Today, Z mostly washed windows

We’re all in various degrees of lockdown all over the world, which is an odd feeling. United in one sense, totally physically divided in another. Last night, Al organised a family get-together via Zoom, which worked well and will be repeated next week. Ro is kindly posting videos of his children on Facebook, which he doesn’t otherwise use, and we’re making more effort to phone – no one in my family or Tim’s is used to phoning each other much.
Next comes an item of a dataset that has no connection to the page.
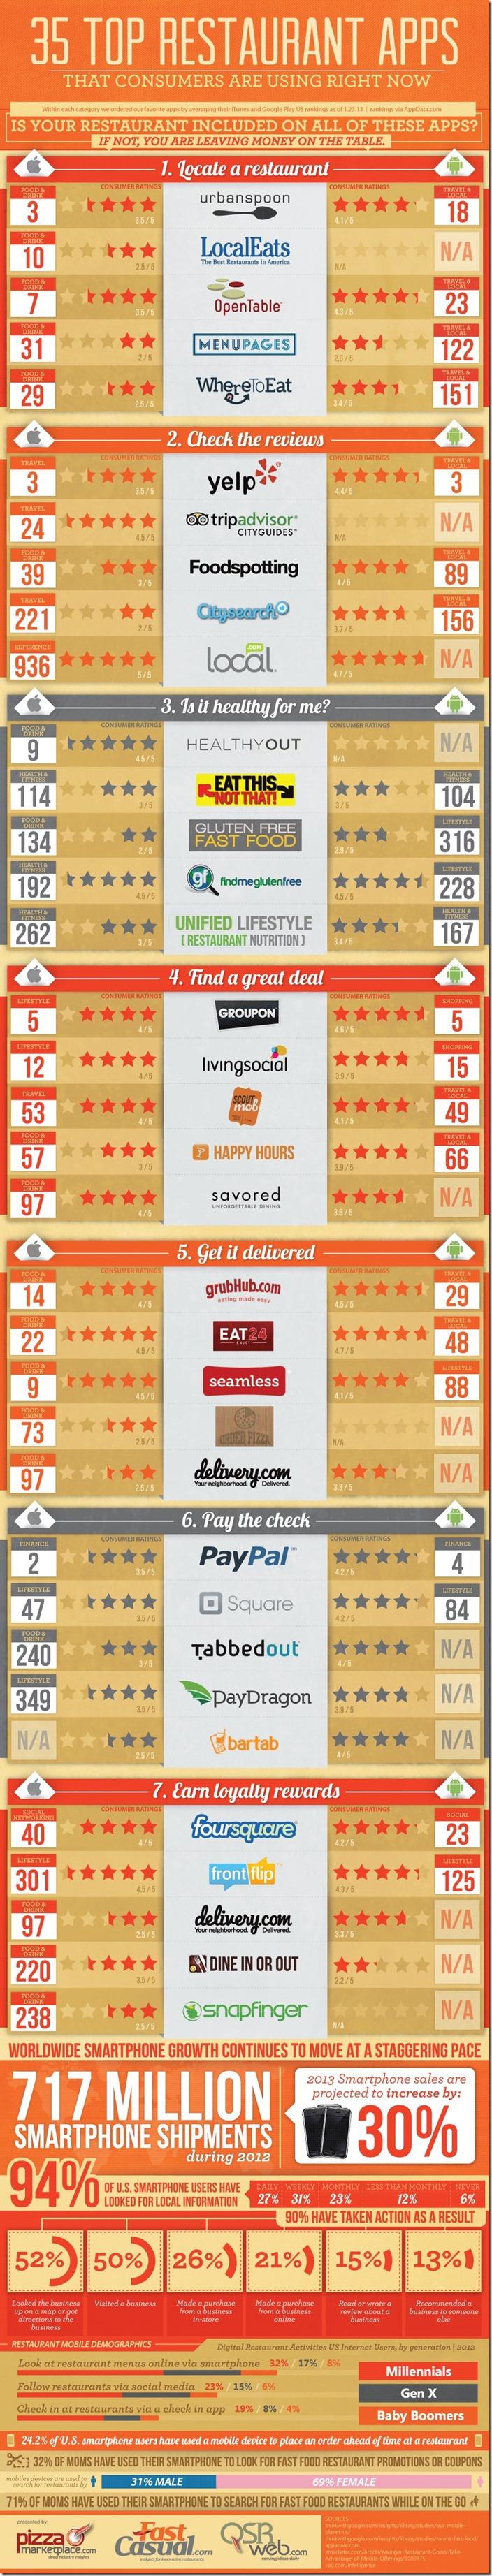 35-Top-Restaurant-Apps-Infographic

It is Al’s birthday today and Weeza’s is on Saturday. I posted cards and put money into their bank accounts. Seems rather a cop-out, but I can’t go shopping and most things are out of stock online that might be a cheery little treat. I did think ahead, however, and sent exuberant quantities of chocolate for Easter from Hotel Chocolat for each family. Since Tim and I would take a year to eat £30sworth (free postage, darlings), he is not getting such a treat, though the deli and the wholefood shops both do sell chocolate – but we are not indulging ourselves. We always eat well and that isn’t changing, but we haven’t eaten anything extra.

I need a new subject to blog about. I don’t want to ignore the pandemic – not often that you know you’re living through an age that will go down in history, but there are plenty of other people recording it and my feelings will bore myself, as well as you lovely people. I blog the personal stuff best – without any worrying indiscretions, of course, mostly because there are very few of them – but what haven’t I told you about? I am not sure. Any ideas?